At this juncture the other two members of his party returned to report failure.
“He got straight out at the back. Sergeant,” said the spokesman, “must have nipped over the wall. He’s well away by now. Left some of his trousies on the wire, though.”
“All right,” said the Sergeant. “Look after this young desperado.” He transferred Rod and strode out. A minute later his voice came faintly. He was apparently speaking on the wireless and exhorting an unknown number of people to “watch out for a man in the neighbourhood of Pentonville Road and Kings Cross, medium height, trousers torn—”
Having passed the buck in this satisfactory way the Sergeant re-entered the shop and accepted a “strong tot” for himself and his assistants. In the general end-of-term atmosphere now prevailing Mr. McDowall even went so far as to offer Rod a quick nip. Rod merely shook his head. He had not uttered a word since his capture – had, indeed, scarcely moved.
He maintained this inflexible, white-faced silence during the drive back to Scotland Yard and the process of his handing over to the Duty Inspector. The Sergeant, who was a man of considerable experience and by no means lacking in intelligence, was puzzled. He had seen plenty of prisoners voluble and not a few prisoners both talkative and unrepentant, he had watched prisoners bluster, and he had heard them swear; he had even seen them cry.
Whilst Rod was being re-searched he watched him thoughtfully; now, as he knew, during the period of reaction was the time when prisoners were apt to open their mouths too wide, the time when they committed howling indiscretions which were so often the cause of so much pain and grief to their friends still at lib
erty.
Their friends still at liberty!
For the first time that evening the Sergeant really started to use his brain. He remembered Rod lying on the floor. He hadn’t paid much attention at the time, but it came back to him now that McDowall had denied knocking him down. He said he’d found him like that. And the kitchen door had been shut.

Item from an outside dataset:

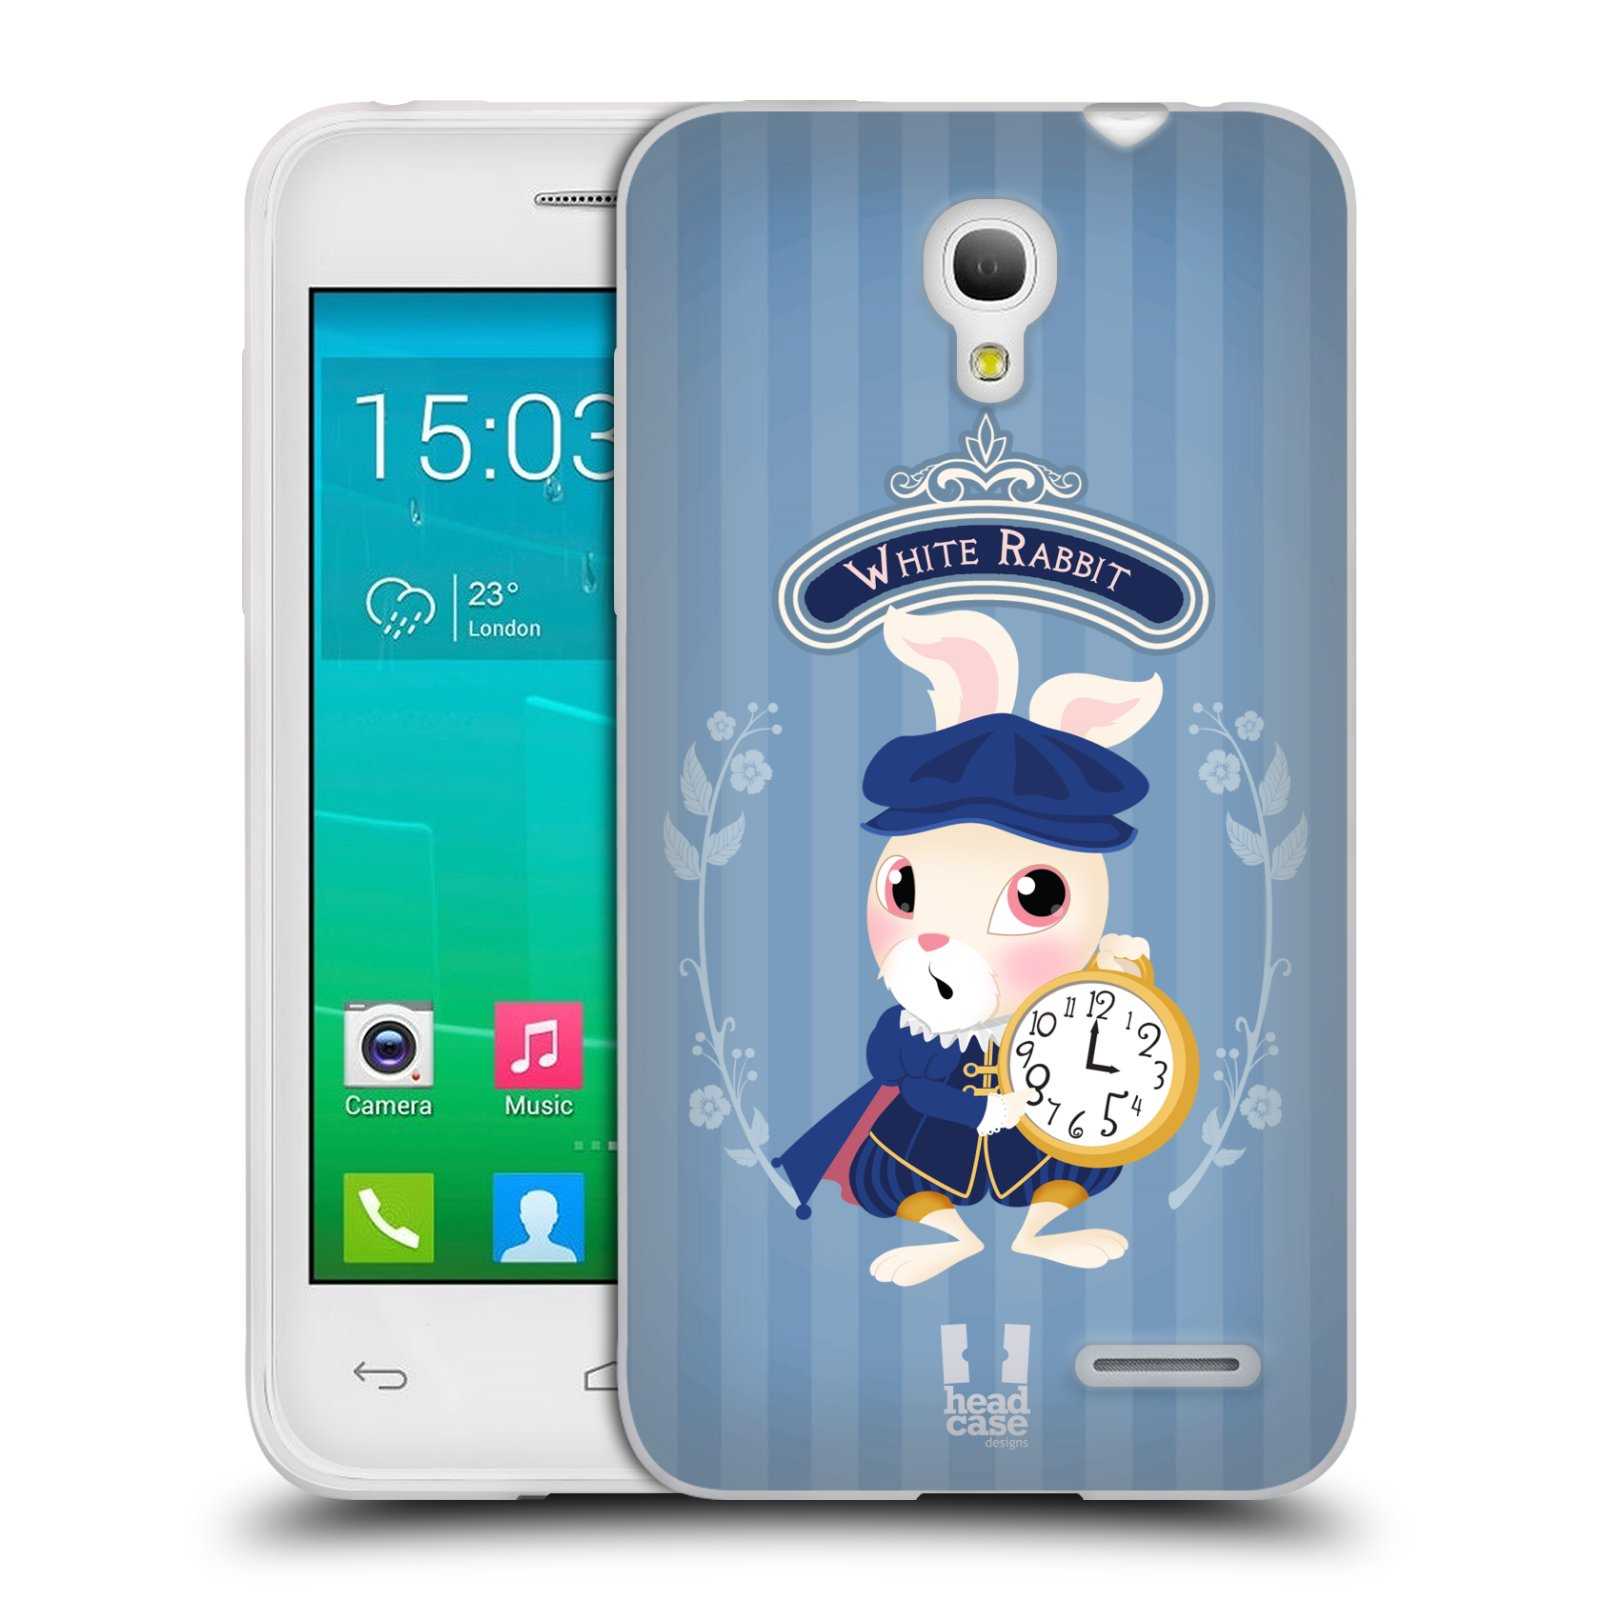 HEAD CASE silikonový obal na mobil Alcatel POP S3 OT-5050Y vzor Alenka v říši divů králíček

The Sergeant looked again at Rod, out of the corner of his eye, and noted the tell-tale tightness of the skin round the jaw. As he watched he saw him shaken with a convulsive shudder.
The Sergeant got to his feet and went quietly out.
VII
Woken at the uncomfortable hour of four-thirty a.m., Chief Inspector Hazlerigg showed neither discomfort nor displeasure. Sitting on the edge of his camp bed he listened to Sergeant Instone and finally said: “Well done. I think you may have got something there.” And he thought for a moment, swinging his legs.

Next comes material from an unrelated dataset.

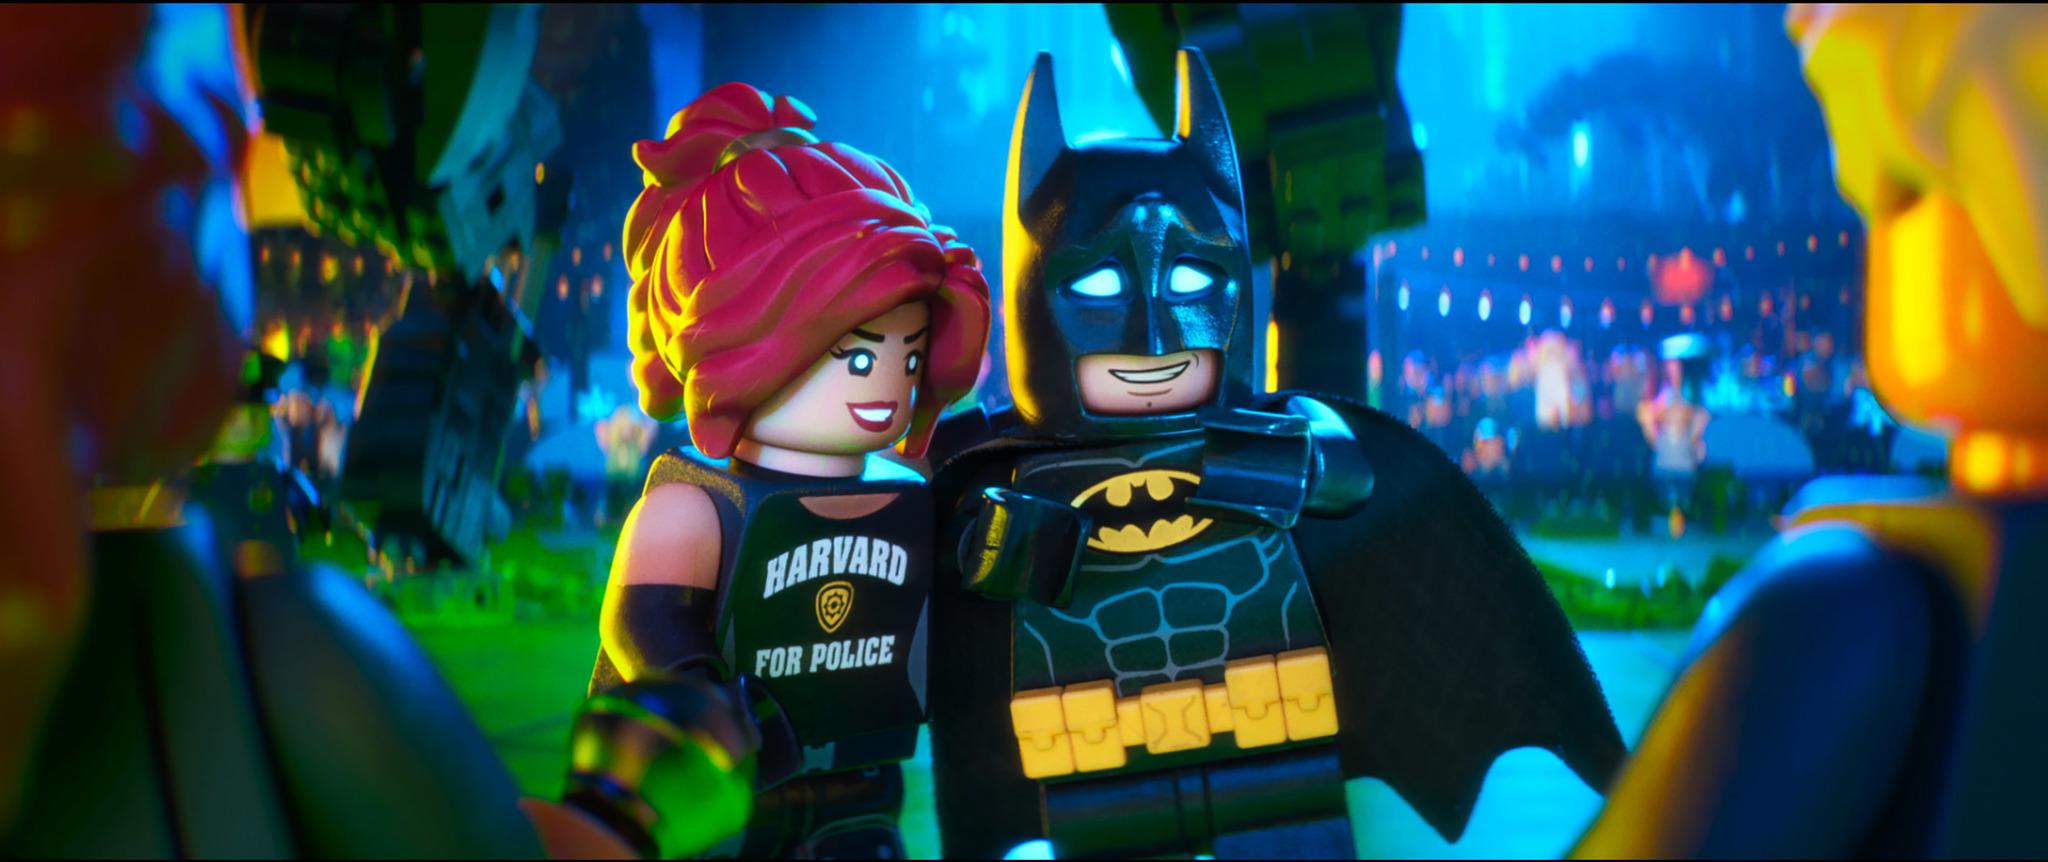 Will Arnett and Rosario Dawson in The Lego Batman Movie (2017)

“When the Inspector’s finished with him, take him along to one of the interview rooms. Give him a large, strong cup of tea – station brew – and it wouldn’t do any harm to put a drop of something in it.”
“I think I can get some nice S.R.D. (N), sir.”[1]
“Just the thing,” said Hazlerigg. “Treat him kindly – lush him up a bit – but he’s got to drink it. Two cups of it, if he’ll take it. Drink some yourself, too.”